It's back-to-school week across much of the east coast of the United States, but for the first time in 21 years, I'm not getting someone ready for a first day at one or more of the local public schools.
There's a routine to these things, a well-worn path to places like Target and Staples and Sears and maybe The Gap, depending on the year's fashion. Across two decades, endless lists and 39 different first days, the pattern gets kind of baked into your subconcious. So it was a bit of a surprise to realize this week that it was over.
I was driving past Columbia High School, on my way to the recycling center, when it dawned on me that I didn't even know when classes started. That's a long way removed from my school-board days, when I had to study the school calendar before voting to approve it.
That got me thinking that it is hard for most of us to see patterns. We can remember moments – camera in hand, my mother chasing a grandson just starting sixth grade down the street in front of South Orange Middle School, the boy desperately hoping to avoid being seen with relatives – but we miss the tapestry that connects these moments. It becomes background for us.
That's true until after it's gone. Practically speaking, my days of getting someone ready ended a year ago, when the youngest started his senior year. But we don't see the end at the end; we see it in hindsight.
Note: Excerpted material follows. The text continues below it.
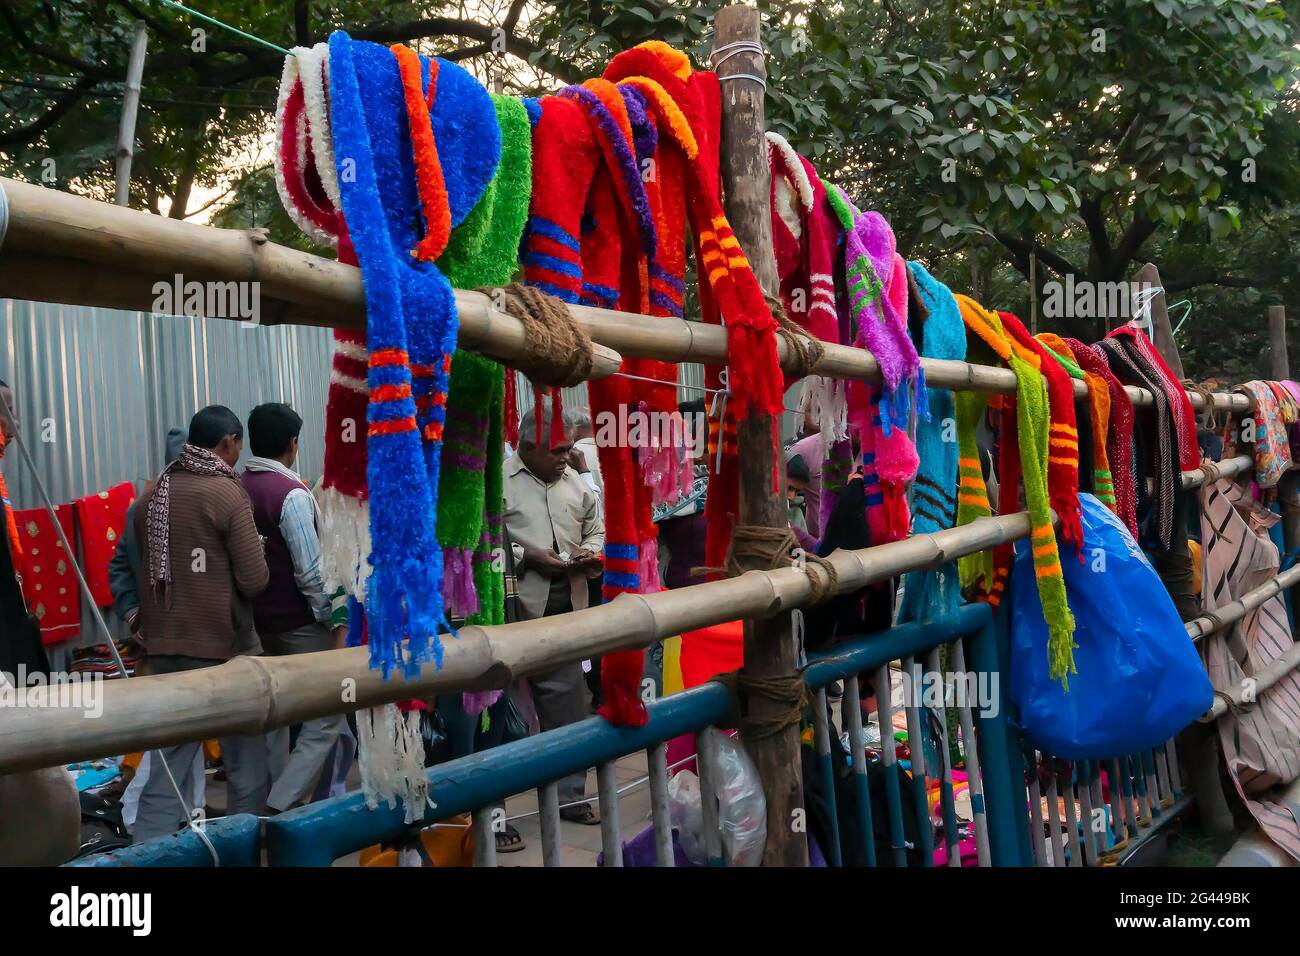 Kolkata, Bengale occidental, Inde - 12 janvier 2020 : des vêtements d'hiver chauds et colorés sont vendus au camp de transit de Gangasagar, Babughat, Kolkata Banque D'Images

Lately, I've been thinking about publishing this way. I've wondered out loud if it might be too late to start working on digital readiness. After all, 17 years have passed since Nicholas Negroponte published Being Digital, in which he posited the "post-information age".
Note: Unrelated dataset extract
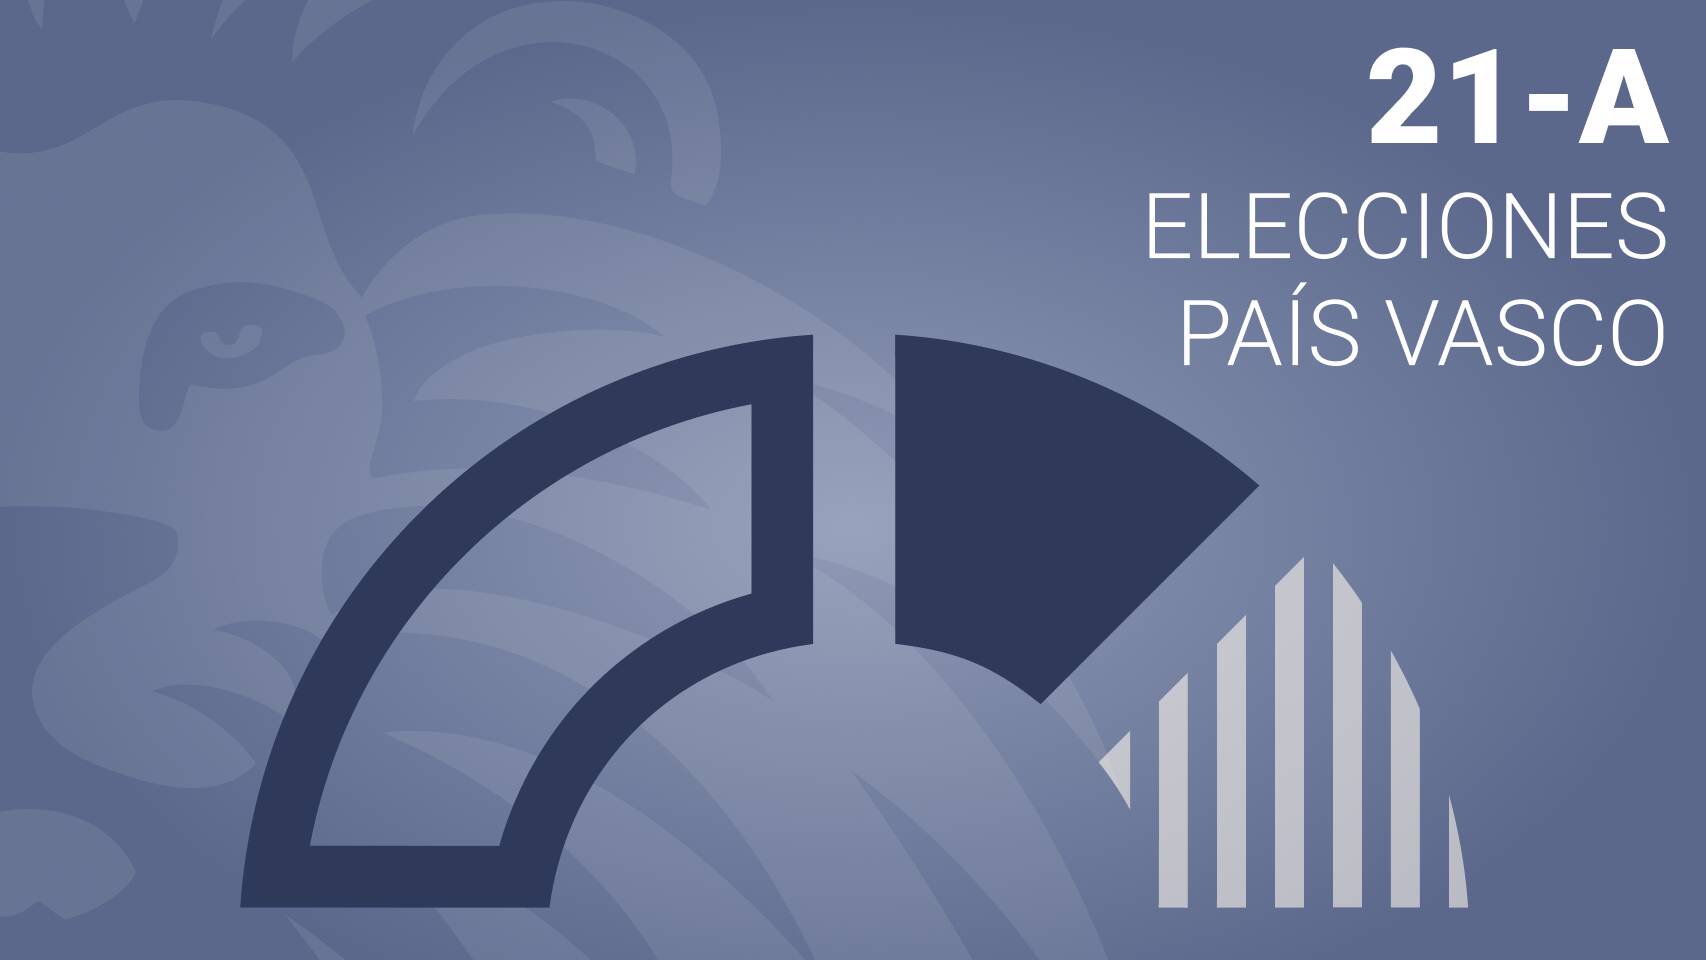 Estos son los resultados de las elecciones vascas en Donostia / San Sebastián - PNV gana con el 31.17% de los votos

As much time has passed since Kevin Kelly wrote Out of Control, in which he imagines Borges' Library, a collection of books with endless combinations of letters and numbers that seemed like gibberish. Gibberish, that is, until one turned out to be "The Tempest", another "The Sound and the Fury".
I don't have a crystal ball, and I am not sure 17 years is enough time to develop hindsight on an industry whose roots trace back to Gutenberg. That said, it does seem like the dawn of the public internet signalled something much larger, and we've lagged ever since.
I'm not dire; things change, and we can learn new patterns. Later today, I'll be driving to Providence (the one in Rhode Island), to start the last one on a college career. The shopping lists are shorter, more expensive and they now start with a trip to Jerry's Artist Outlet in West Orange.
Some aspects of the old routine persist, but the boy who gave me a vivid example of why piracy is the consequence of a bad API will no longer come home for lunch every day. It's finally clear that we're starting a new arc.